(Available data Opens)

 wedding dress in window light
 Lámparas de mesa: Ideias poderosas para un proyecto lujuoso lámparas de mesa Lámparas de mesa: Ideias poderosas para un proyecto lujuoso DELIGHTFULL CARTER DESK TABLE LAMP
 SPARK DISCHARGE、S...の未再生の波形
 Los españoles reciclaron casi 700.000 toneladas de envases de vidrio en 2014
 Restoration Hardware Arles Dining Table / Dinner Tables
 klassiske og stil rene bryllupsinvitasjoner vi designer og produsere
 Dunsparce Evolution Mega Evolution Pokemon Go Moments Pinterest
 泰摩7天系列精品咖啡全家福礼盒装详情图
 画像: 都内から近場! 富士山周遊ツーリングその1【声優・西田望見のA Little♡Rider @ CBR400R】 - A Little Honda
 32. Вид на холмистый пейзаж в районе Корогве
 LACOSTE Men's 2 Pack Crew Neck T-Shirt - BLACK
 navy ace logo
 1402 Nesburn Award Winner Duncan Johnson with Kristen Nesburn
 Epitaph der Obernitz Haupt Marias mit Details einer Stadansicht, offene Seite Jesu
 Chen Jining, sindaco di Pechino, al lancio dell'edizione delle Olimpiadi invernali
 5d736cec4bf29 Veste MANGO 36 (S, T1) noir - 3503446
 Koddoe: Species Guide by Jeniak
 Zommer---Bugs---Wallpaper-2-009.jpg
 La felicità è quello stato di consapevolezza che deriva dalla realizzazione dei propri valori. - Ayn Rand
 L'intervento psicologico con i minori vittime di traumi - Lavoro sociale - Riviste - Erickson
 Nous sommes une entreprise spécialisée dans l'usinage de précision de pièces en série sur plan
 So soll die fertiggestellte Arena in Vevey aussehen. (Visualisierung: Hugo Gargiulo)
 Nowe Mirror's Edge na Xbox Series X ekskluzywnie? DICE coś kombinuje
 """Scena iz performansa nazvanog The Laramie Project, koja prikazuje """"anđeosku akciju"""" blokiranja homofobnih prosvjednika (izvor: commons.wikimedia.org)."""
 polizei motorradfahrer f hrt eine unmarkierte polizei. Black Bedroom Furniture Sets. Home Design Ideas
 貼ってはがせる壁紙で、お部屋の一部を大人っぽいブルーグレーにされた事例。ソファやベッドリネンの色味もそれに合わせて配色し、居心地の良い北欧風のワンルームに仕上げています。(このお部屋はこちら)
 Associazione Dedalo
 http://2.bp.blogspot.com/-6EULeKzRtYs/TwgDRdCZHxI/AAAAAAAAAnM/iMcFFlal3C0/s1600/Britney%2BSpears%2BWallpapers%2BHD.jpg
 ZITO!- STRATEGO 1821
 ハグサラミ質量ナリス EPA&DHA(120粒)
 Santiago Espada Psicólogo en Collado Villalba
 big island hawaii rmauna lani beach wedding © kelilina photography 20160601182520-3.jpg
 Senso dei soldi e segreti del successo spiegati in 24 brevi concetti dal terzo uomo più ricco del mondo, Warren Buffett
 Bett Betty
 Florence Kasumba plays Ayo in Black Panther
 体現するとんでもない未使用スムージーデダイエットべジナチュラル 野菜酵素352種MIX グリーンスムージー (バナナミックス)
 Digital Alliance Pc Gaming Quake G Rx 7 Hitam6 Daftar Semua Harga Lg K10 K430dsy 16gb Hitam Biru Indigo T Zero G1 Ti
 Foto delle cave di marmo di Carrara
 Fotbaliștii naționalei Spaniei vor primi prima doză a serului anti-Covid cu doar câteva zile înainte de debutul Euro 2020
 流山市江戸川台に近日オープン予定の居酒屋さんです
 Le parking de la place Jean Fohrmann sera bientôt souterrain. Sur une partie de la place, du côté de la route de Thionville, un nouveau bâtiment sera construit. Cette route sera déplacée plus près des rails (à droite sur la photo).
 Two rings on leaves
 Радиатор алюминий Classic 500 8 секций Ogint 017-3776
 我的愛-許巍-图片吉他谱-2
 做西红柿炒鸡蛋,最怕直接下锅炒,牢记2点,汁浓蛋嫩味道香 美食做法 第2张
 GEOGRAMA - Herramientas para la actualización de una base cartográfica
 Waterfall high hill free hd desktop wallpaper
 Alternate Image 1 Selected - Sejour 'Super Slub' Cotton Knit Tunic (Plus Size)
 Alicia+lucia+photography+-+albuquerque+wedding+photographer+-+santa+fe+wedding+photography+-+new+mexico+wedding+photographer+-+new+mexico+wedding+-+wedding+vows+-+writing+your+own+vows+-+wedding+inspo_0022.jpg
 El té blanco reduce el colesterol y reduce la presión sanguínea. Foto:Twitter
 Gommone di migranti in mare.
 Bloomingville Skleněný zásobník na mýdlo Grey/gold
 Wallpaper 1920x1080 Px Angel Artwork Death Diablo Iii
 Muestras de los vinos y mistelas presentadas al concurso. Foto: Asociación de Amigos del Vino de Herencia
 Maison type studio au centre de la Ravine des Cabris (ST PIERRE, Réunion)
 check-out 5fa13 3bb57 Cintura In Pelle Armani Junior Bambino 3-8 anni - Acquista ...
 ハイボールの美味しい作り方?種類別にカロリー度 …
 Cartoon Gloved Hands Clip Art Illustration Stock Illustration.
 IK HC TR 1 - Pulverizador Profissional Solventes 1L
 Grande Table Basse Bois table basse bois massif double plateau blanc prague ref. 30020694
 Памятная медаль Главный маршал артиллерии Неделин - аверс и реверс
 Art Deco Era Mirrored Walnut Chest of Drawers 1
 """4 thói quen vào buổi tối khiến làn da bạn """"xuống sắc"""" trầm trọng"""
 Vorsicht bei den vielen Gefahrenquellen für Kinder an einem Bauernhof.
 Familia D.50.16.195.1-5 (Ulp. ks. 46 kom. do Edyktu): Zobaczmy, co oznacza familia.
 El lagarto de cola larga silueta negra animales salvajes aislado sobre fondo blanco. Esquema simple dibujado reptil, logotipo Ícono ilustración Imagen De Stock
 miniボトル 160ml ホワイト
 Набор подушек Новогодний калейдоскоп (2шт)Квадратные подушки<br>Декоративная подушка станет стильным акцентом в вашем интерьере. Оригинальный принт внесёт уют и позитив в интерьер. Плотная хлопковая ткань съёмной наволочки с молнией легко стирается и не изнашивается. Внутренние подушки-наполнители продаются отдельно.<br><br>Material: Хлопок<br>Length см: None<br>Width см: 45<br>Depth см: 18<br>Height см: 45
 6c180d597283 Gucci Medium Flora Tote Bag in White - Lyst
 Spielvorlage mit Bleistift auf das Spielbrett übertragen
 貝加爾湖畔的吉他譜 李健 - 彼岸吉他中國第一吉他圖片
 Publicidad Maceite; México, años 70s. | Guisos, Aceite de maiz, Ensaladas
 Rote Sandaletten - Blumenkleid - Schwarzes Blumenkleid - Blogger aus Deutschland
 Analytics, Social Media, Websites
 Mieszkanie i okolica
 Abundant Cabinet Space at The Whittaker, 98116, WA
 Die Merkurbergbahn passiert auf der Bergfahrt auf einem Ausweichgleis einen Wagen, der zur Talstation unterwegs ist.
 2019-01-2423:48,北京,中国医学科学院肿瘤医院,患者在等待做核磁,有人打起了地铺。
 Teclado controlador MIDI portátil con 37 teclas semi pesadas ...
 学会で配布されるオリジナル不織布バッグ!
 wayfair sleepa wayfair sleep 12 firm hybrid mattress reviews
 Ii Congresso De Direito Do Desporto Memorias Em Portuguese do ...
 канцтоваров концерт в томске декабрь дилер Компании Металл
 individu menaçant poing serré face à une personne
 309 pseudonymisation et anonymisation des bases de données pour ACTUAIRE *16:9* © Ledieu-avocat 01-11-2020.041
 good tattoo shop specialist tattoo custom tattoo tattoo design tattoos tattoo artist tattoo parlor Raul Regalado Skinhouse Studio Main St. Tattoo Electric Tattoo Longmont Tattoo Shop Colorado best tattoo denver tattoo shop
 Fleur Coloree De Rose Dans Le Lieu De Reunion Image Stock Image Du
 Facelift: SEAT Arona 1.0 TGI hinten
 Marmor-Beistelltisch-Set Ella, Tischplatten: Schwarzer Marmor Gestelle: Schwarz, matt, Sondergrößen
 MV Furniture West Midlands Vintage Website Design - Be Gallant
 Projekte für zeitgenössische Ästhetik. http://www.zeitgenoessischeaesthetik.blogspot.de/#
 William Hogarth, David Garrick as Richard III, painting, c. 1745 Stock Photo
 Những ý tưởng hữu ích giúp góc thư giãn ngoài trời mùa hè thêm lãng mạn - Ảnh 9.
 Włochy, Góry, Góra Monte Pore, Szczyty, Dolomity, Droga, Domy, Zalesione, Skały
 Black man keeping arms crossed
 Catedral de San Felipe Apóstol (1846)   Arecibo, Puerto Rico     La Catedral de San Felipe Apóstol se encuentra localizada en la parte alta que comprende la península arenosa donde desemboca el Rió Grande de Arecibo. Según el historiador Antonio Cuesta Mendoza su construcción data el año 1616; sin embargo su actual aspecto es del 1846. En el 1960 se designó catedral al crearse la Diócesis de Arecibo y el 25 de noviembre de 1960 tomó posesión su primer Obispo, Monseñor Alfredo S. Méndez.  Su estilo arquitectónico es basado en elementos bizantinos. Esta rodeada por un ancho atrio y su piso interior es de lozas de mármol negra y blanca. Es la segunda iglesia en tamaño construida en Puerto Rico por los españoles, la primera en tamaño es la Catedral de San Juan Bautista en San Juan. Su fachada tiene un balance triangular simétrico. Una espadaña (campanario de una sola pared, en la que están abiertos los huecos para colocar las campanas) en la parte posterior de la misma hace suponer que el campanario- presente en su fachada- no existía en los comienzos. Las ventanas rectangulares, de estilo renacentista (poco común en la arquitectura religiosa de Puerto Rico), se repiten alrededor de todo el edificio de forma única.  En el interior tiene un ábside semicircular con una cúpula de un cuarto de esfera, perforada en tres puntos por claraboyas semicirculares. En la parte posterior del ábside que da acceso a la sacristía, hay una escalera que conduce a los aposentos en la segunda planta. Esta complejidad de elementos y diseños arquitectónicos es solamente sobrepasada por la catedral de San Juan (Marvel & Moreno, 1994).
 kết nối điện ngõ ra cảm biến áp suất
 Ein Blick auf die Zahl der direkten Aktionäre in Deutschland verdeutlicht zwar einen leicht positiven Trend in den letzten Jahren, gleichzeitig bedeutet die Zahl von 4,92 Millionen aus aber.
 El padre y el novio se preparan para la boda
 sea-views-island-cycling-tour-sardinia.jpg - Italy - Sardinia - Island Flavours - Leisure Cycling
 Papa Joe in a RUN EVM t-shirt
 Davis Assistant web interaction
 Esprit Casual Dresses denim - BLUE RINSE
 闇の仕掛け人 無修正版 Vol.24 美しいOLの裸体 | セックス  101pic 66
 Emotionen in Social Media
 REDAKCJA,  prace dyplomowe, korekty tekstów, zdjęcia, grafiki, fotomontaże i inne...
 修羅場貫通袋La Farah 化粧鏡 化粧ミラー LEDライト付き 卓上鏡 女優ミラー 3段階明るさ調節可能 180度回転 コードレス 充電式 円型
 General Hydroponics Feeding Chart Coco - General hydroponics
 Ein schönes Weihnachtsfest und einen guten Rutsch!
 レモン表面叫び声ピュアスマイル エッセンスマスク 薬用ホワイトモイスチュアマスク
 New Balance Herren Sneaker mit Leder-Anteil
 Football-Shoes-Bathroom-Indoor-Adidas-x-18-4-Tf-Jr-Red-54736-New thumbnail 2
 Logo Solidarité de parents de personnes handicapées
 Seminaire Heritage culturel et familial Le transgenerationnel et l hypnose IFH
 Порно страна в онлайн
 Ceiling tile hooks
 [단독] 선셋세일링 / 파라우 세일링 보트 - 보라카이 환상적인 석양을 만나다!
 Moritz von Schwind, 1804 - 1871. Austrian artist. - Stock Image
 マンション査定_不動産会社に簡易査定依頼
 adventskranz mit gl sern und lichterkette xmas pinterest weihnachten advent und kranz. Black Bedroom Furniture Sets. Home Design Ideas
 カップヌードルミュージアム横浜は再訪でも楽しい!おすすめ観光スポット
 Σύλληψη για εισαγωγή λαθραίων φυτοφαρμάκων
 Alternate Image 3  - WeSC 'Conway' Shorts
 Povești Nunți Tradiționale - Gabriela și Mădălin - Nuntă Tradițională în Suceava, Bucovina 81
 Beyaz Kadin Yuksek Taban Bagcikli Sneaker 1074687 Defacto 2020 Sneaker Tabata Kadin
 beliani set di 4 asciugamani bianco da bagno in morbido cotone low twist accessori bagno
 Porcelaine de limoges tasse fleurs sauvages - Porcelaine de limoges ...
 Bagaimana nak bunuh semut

(Available data Closes)

### Instructions for the task
Return, exactly as they stand, the lines from the start of the records above through the line with "Restoration Hardware Arles", both ends included, and no other lines.

### Answer space
 wedding dress in window light
 Lámparas de mesa: Ideias poderosas para un proyecto lujuoso lámparas de mesa Lámparas de mesa: Ideias poderosas para un proyecto lujuoso DELIGHTFULL CARTER DESK TABLE LAMP
 SPARK DISCHARGE、S...の未再生の波形
 Los españoles reciclaron casi 700.000 toneladas de envases de vidrio en 2014
 Restoration Hardware Arles Dining Table / Dinner Tables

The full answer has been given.